Keine ordentliche Verfassung der Welt wird dahingehend
geändert, dass ein Strafzweck namens "Blutrache" etabliert
würde.

Das anzunehmen wäre reichlich naiv, Naivchen.

Naivchen schrieb:
" Stell dir vor, es ist Krieg und niemand geht hin"
Nur am Rande, weisst du eigentlich, wie dieser strunzdumme
Sponti-Spruch eigentlich weitergeht? Dann pass auf:

Stell Dir vor, es kommt Krieg und keiner geht hin - dann kommt der Krieg zu euch!

Na, das Weglassen des zweiten Teils verzerrt doch komplett den Sinn , gelle?
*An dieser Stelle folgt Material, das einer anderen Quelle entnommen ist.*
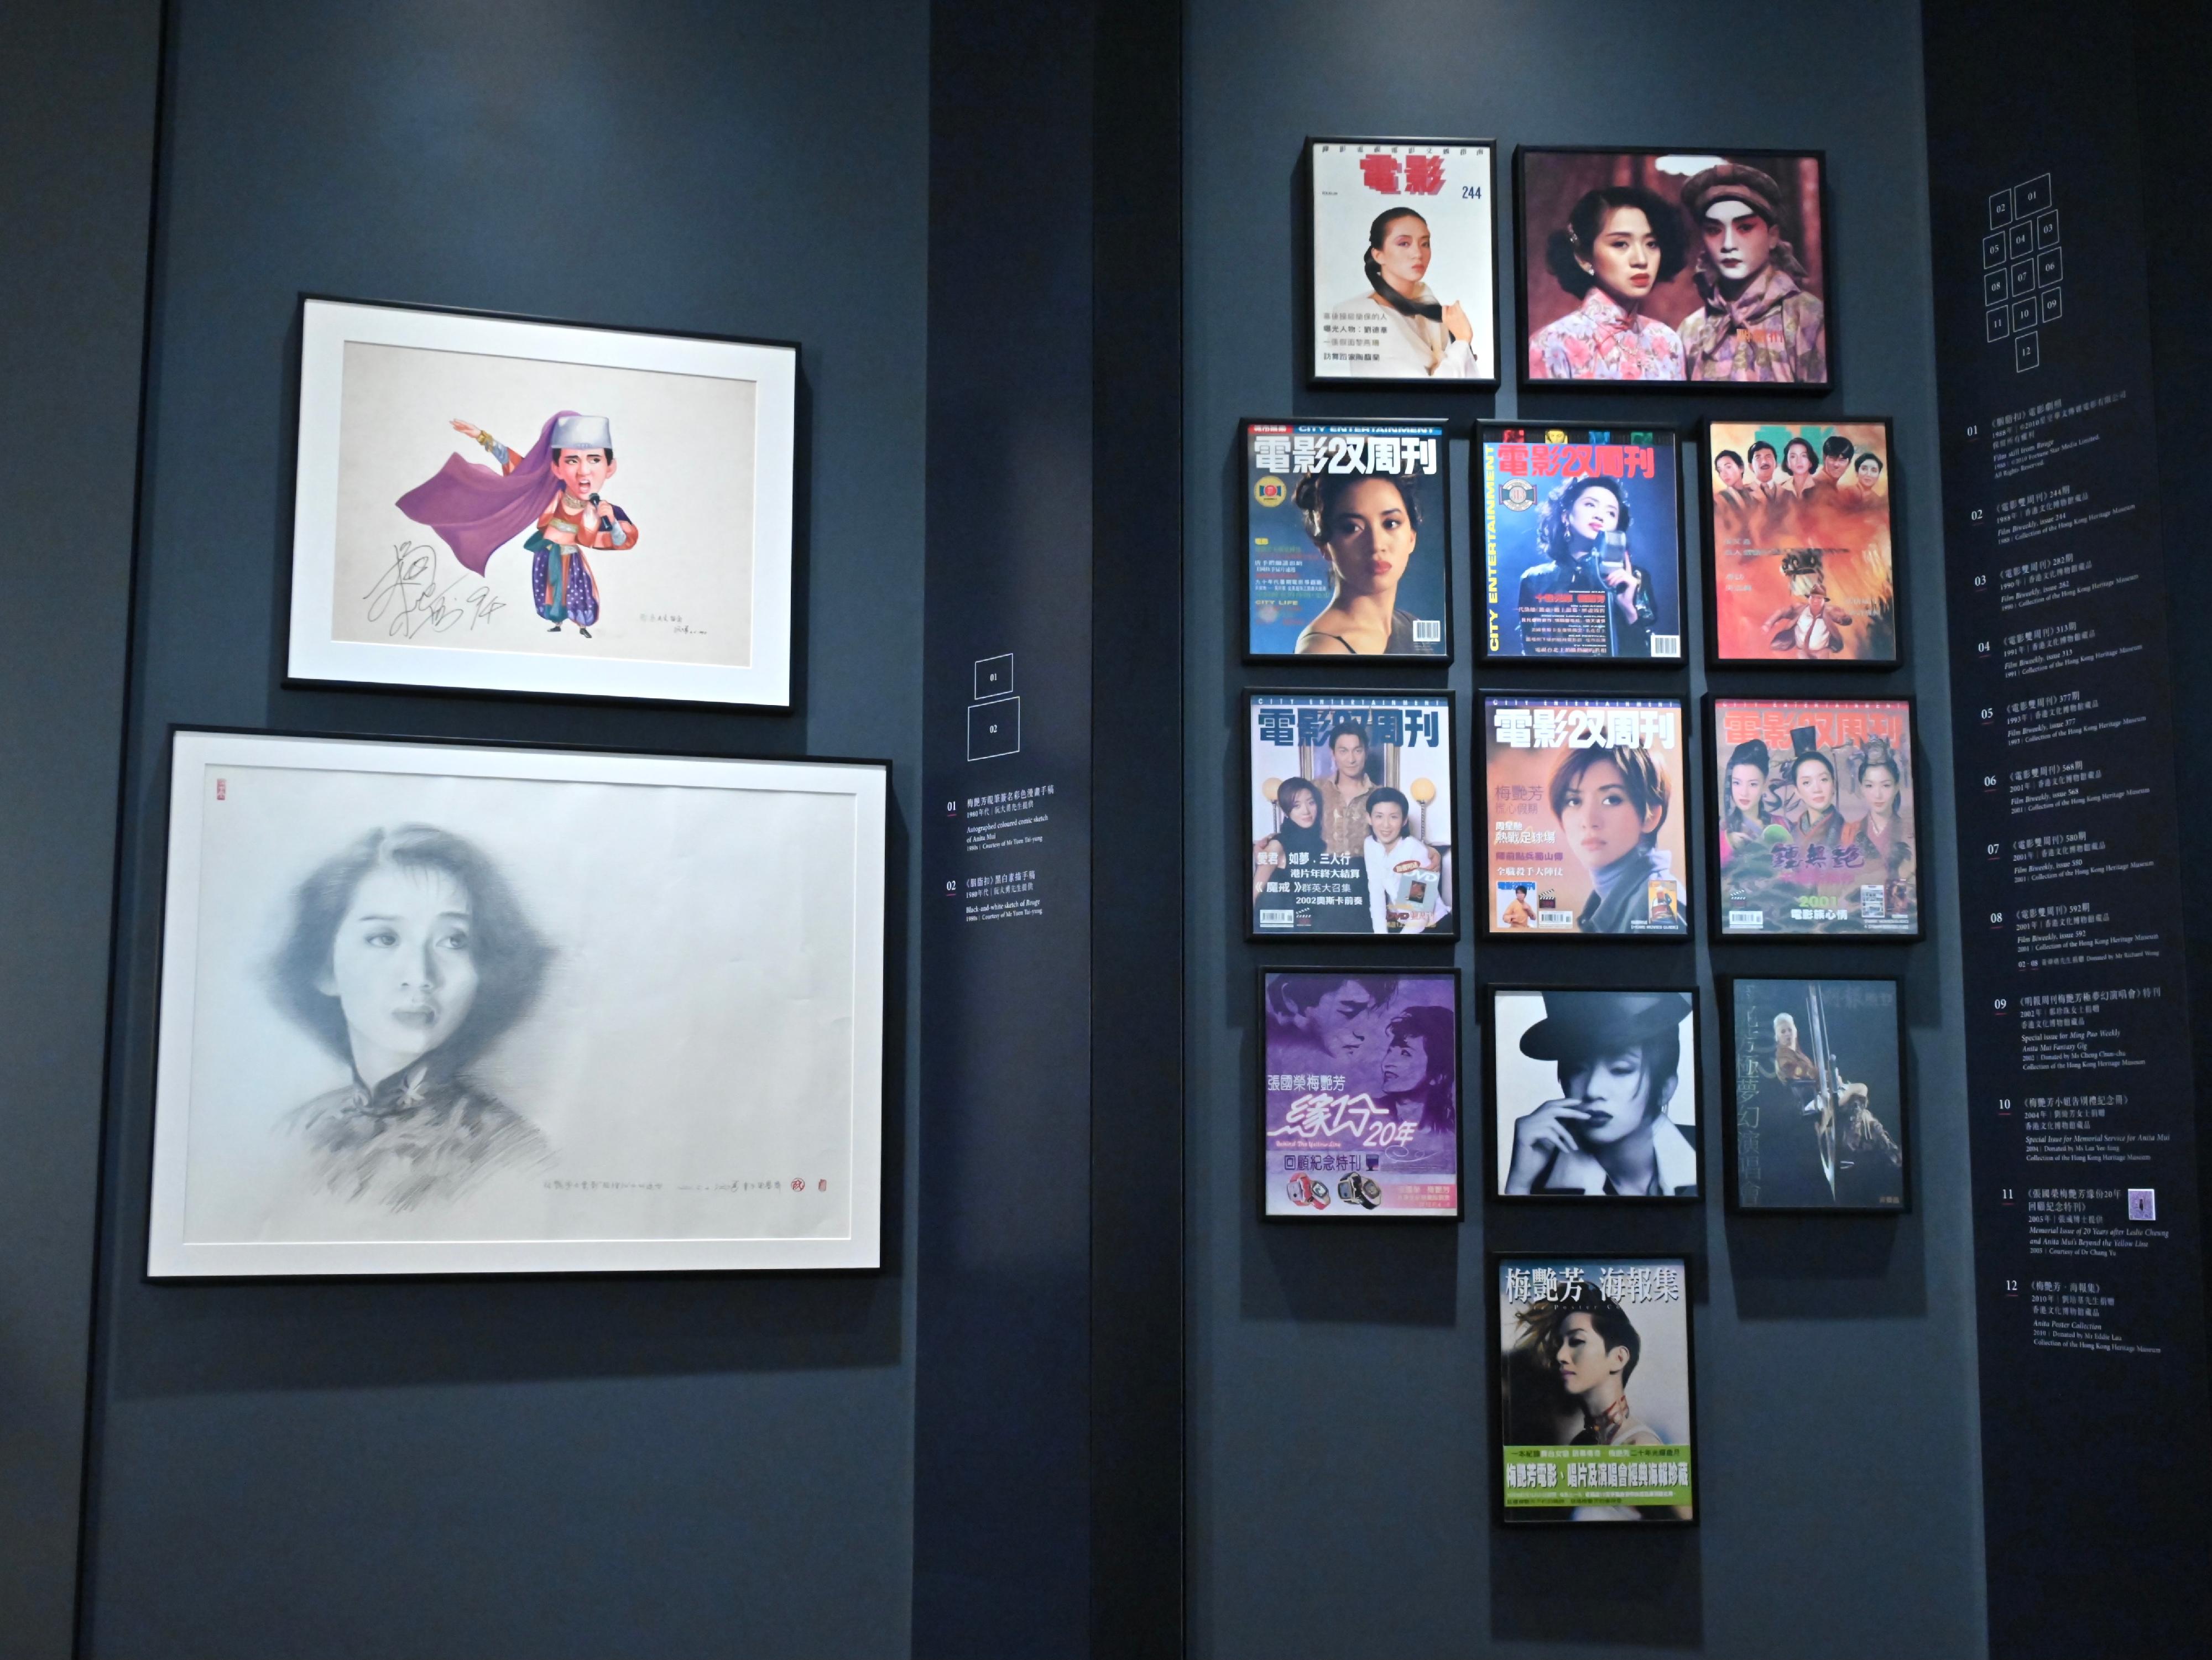 The opening ceremony for the "Timeless Diva: Anita Mui" exhibition was held today (December 23) at the Hong Kong Heritage Museum. Photo shows the pop culture products related to Anita Mui, including a cartoon, magazine covers and a black-and-white sketch.

Stell Dir vor, es kommt Krieg und keiner geht hin - dann kommt der Krieg zu euch
Wer zu Hause bleibt, wenn der Kampf beginnt, und lässt andere kämpfen für seine Sache,
der muss sich vorsehen: Denn wer den Kampf nicht geteilt hat, der wird teilen die Niederlage.
Nicht einmal Kampf vermeidet, wer den Kampf vermeiden will:
Denn es wird kämpfen für die Sache des Feinds, wer für seine eigene Sache nicht gekämpft hat.


(Mutter Courage, Bertie Brecht)

Wenn jemand dir den Krieg erklärt, und du trittst nicht an
um dich zu verteidigen, wirst du überrollt.

Wenn jemand deinem Freund den Krieg erklärt und du trittst nicht an
um ihn zu verteidigen, machst du mit dem Feind gemeinsame Sache.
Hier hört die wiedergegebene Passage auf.